Ahora era el momento de recuperarla.
A Berin le hubiera gustado traer noticias mejores. Caminaba por el sendero de gravilla que le llevaba de vuelta a casa con el ceño fruncido; todavía no era invierno, pero pronto llegaría. Él había planeado marcharse y encontrar trabajo. Los señores siempre necesitaban herreros que les proporcionaran armas para sus guardias, sus guerras, sus Matanzas. Pero resultó que a él no le necesitaban. Tenían a sus propios hombres. Hombres más jóvenes, más fuertes. Incluso el rey que había parecido que quería su trabajo había resultado querer al Berin de hacía diez años.
El pensamiento le dolía, sin embargo sabía que debía haber imaginado que no necesitaban un hombre con más pelos grises que negros en la barba.
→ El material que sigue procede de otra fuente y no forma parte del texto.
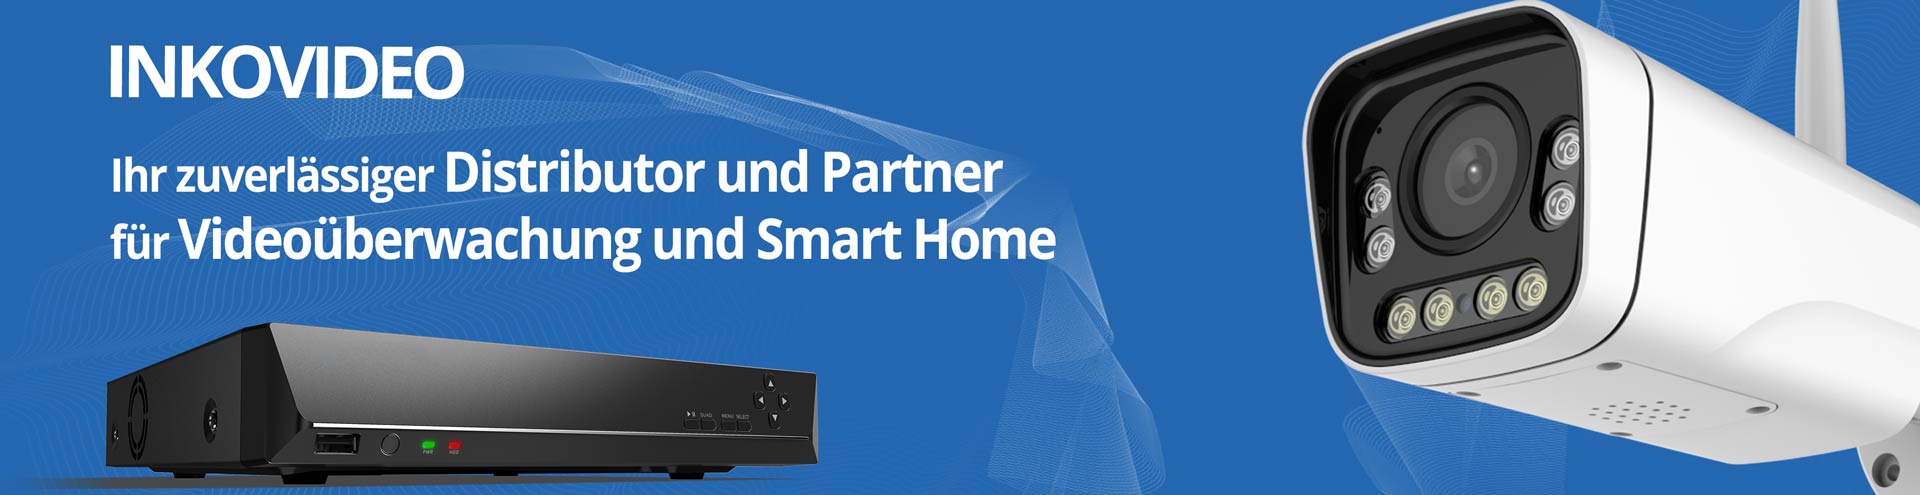 INKOVIDEO: Ihr zuverlässiger Distributor und Partner für Videoüberwachung und Smart Home

Hubiera sido más doloroso si aquello no hubiera supuesto que tenía que volver a casa. Su hogar era lo que importaba a Berin, incluso aunque fuera poco más que un cuadrado de paredes de madera sin pulir, cubierto por un tejado de pasto. Su casa eran las personas que allí le esperaban y pensar en ellos era suficiente para acelerar sus pasos.
Sin embargo, cuando llegó a la cima de una colina y la vio por primera vez, Berin supo que algo iba mal. El estómago le dio un vuelco. Berin sabía lo que significaba estar en casa. A pesar de toda la aridez de la tierra que lo rodeaba, su hogar era un lugar lleno de vida. Allí siempre había ruido, ya fuera de alegría o a causa de las discusiones. En esta época del año siempre habría habido también al menos unos cuantos cultivos creciendo en el terreno que lo rodeaba, con verduras y pequeños arbustos con frutos del bosque, cosas resistentes que siempre producían al menos algo para alimentarlos.
Esto no era lo que veía ante él.
Berin rompió a correr tan rápido como pudo tras la larga caminata, la sensación de que algo iba mal le carcomía por dentro, sentía como si uno de sus tornillos le sujetara el corazón.
Agarró la puerta y la abrió de par en par. Pensó que quizás todo estaría en orden. Quizás lo habían divisado y todos estaban asegurándose de que su llegada fuera una sorpresa.
Dentro estaba sombrío, las ventanas tenían una capa de mugre. Y allí, una presencia.
Marita estaba en la habitación principal, removiendo una olla que olía demasiado agria para Berin. Se giró hacia él cuando entró y, al hacerlo, supo que no se había equivocado. Algo iba mal. Algo iba muy mal.
“¿Marita?” empezó él.
“Marido”. Incluso la manera llana en que lo dijo le decía que nada estaba como debería estar. En cualquier otra ocasión en la que él había estado fuera, Marita se había lanzado a sus brazos al entrar por la puerta. Siempre parecía estar llena de vida. Ahora parecía…vacía.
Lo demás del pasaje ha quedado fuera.